Here's a summary of the acceptance criteria and the studies conducted for the physical medical device:

Acceptance Criteria and Reported Device Performance (Physical Device)

Acceptance CriteriaReported Device Performance
Sterilization Validation (per ISO 11135-1:2007)Performed (details of specific acceptance metric not provided, but implied to be successful validation)
Biocompatibility (per ISO 10993-5, 10, 10, 10)Cytotoxicity, Guinea Pig Maximization Sensitization, Intracutaneous Irritation testing performed (implied to meet acceptance).
Endotoxin Testing (per USP and AAMI/ANSI ST72:2011/(R)2016)predetermined criterion)
Echotip Band Test (outer diameter does not impede smooth passage)Testing ensures that the outer diameter of the band does not impede smooth passage through the guide catheter (implied to meet acceptance).
Echotip Band Echogenicity Test (provides increased brightness via ultrasound)Visual comparison testing by ultrasound imaging of catheters with and without an EchoTip band verified that the band provides increased brightness.

Information NOT Applicable/Available (as this is not an AI/ML device)
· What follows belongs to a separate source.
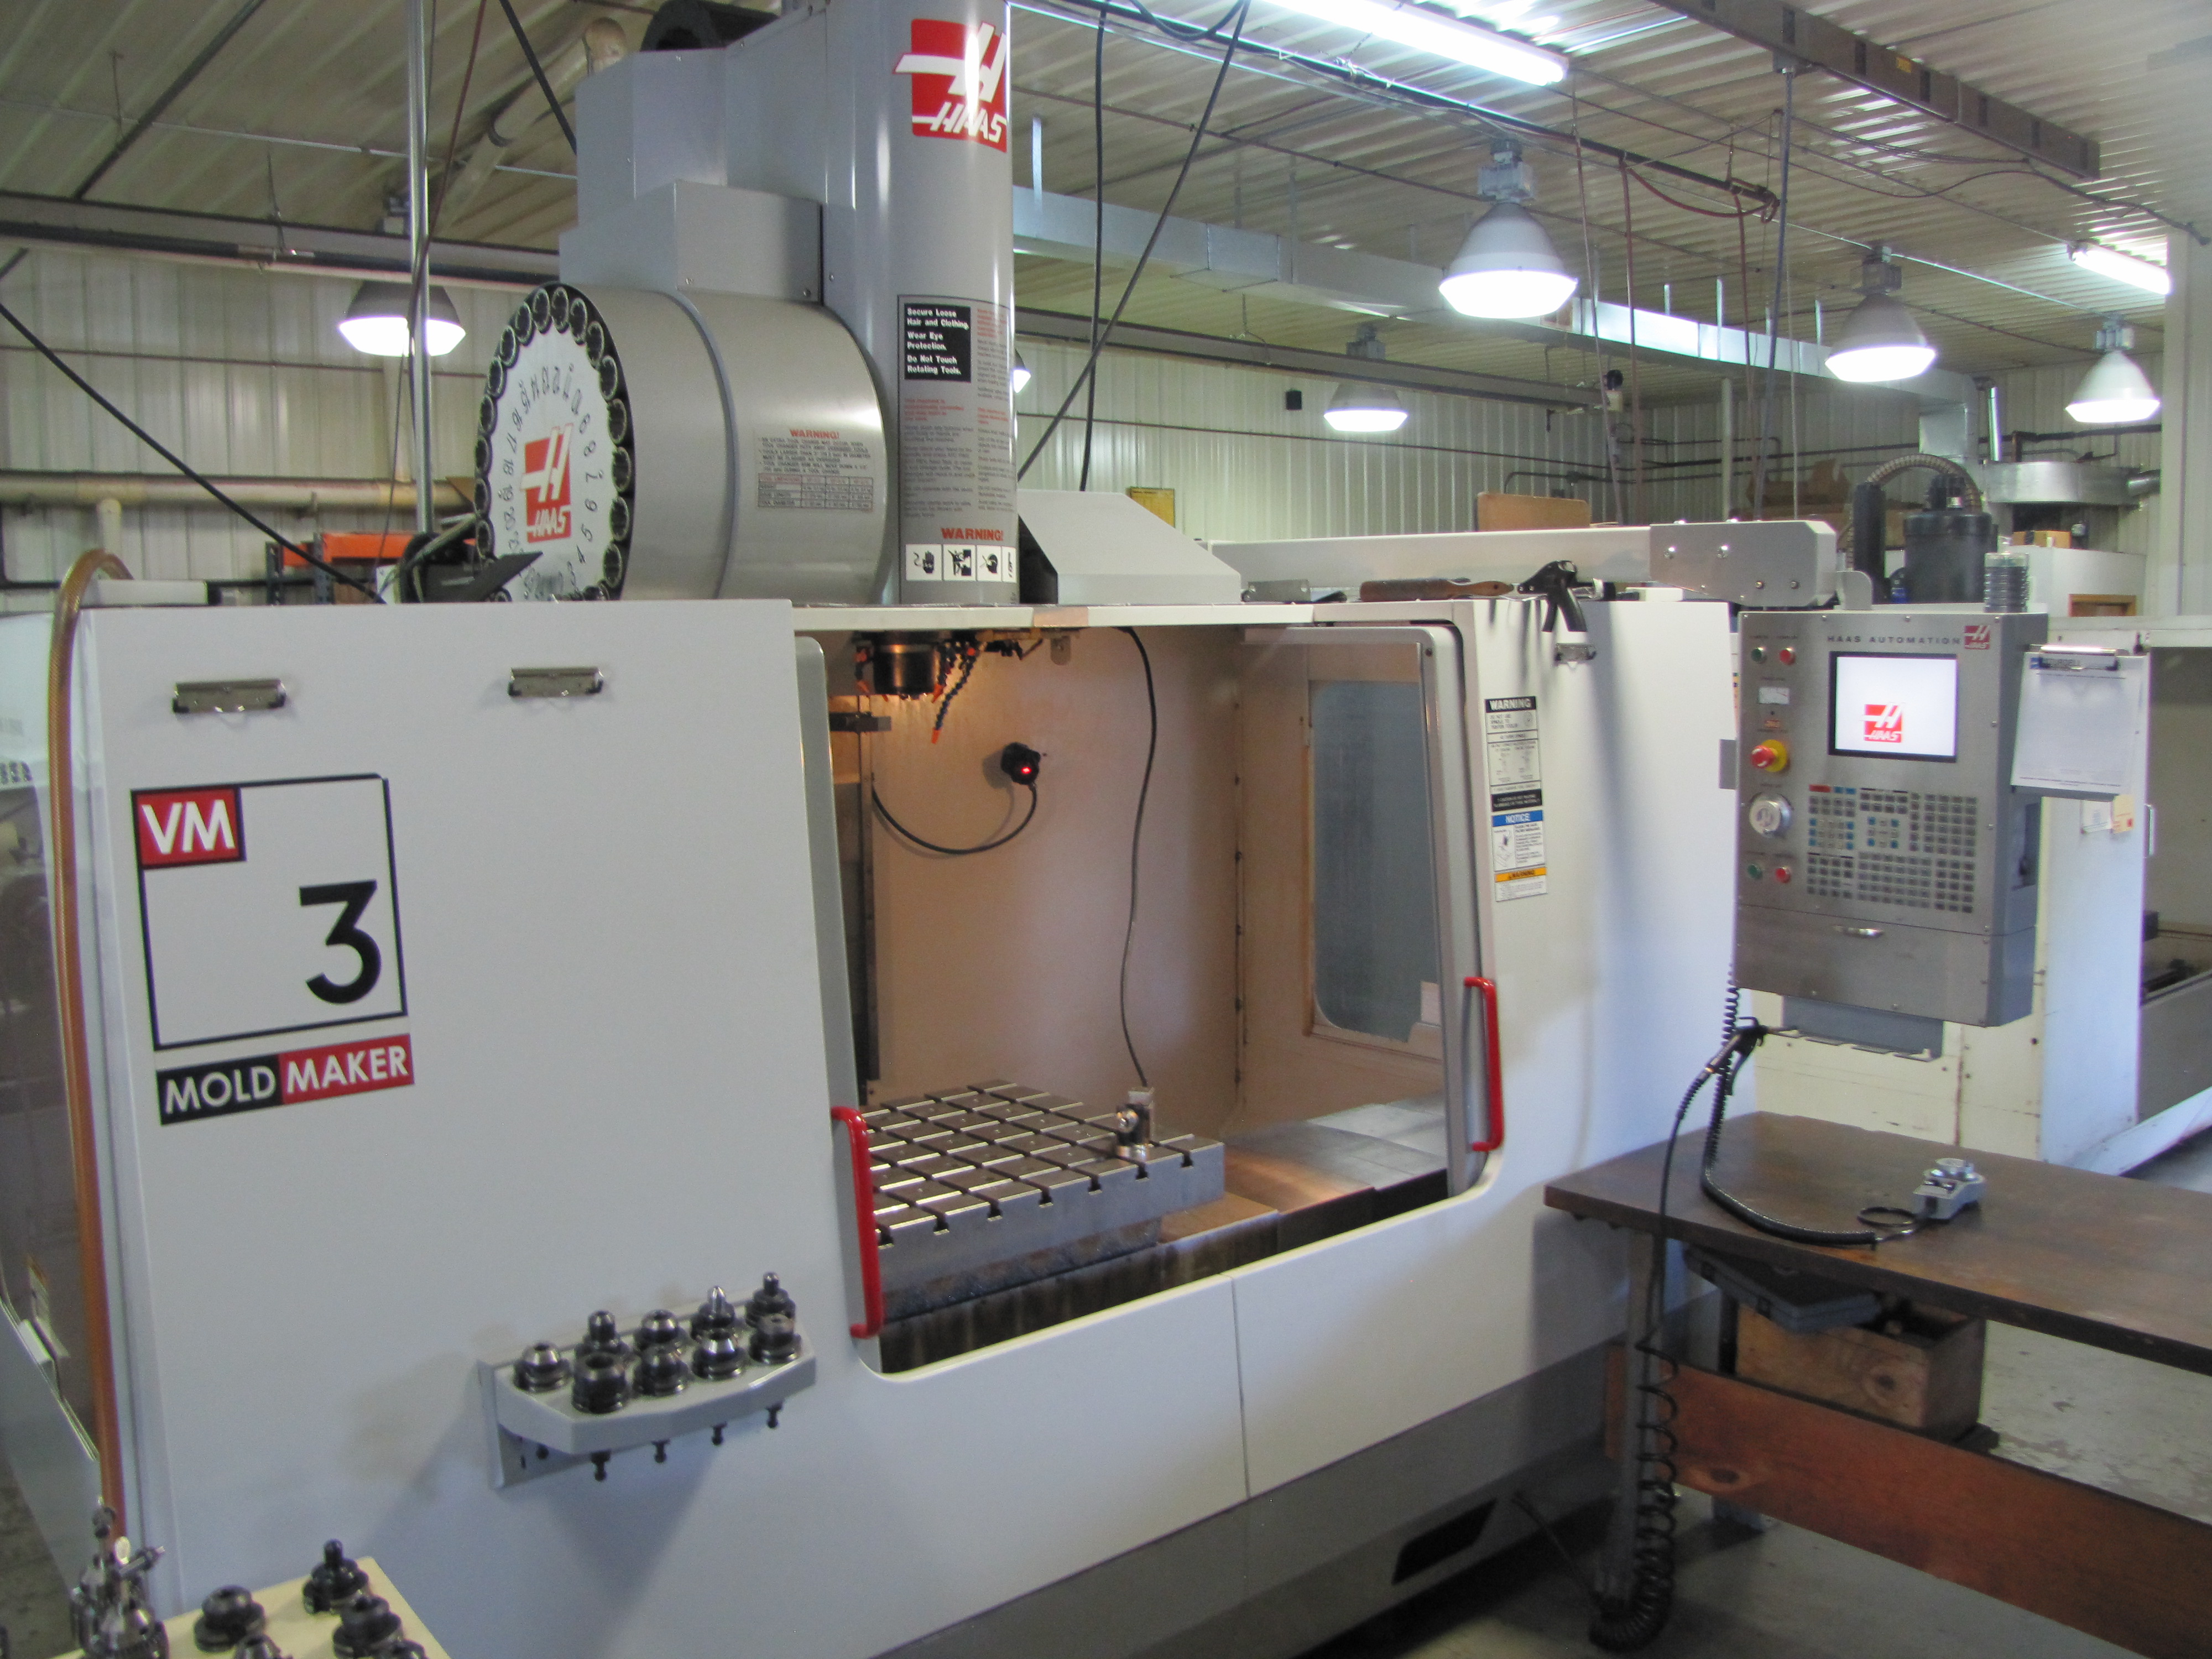 OWNER RETIRING, PREMIER TOOL PRODUCTS. WELL MAINTAINED MACHINERY, ONE OWNER CNC MACHINES. EVERYTHING MUST GO.

  1. Sample size used for the test set and the data provenance: Not applicable to a physical device. Testing involved physical samples of the device.
  2. Number of experts used to establish the ground truth for the test set and the qualifications of those experts: Not applicable. Ground truth for a physical device refers to established engineering and biological standards and tests.
  3. Adjudication method for the test set: Not applicable.
  4. If a multi-reader multi-case (MRMC) comparative effectiveness study was done, If so, what was the effect size of how much human readers improve with AI vs without AI assistance: Not applicable. This is for an AI/ML product.
  5. If a standalone (i.e., algorithm only without human-in-the-loop performance) was done: Not applicable.
  6. The type of ground truth used: For MEA, it's a biological assay (embryo development). For other tests, it's engineering specifications, material properties, and regulatory standards.
  7. The sample size for the training set: Not applicable to a physical device's performance testing.
  8. How the ground truth for the training set was established: Not applicable.

§ 884.6110 Assisted reproduction catheters.

(a)
Identification. Assisted reproduction catheters are devices used in in vitro fertilization (IVF), gamete intrafallopian transfer (GIFT), or other assisted reproduction procedures to introduce or remove gametes, zygote(s), preembryo(s), and/or embryo(s) into or from the body. This generic type of device may include catheters, cannulae, introducers, dilators, sheaths, stylets, and component parts.(b)
Classification. Class II (special controls) (mouse embryo assay information, endotoxin testing, sterilization validation, design specifications, labeling requirements, biocompatibility testing, and clinical testing).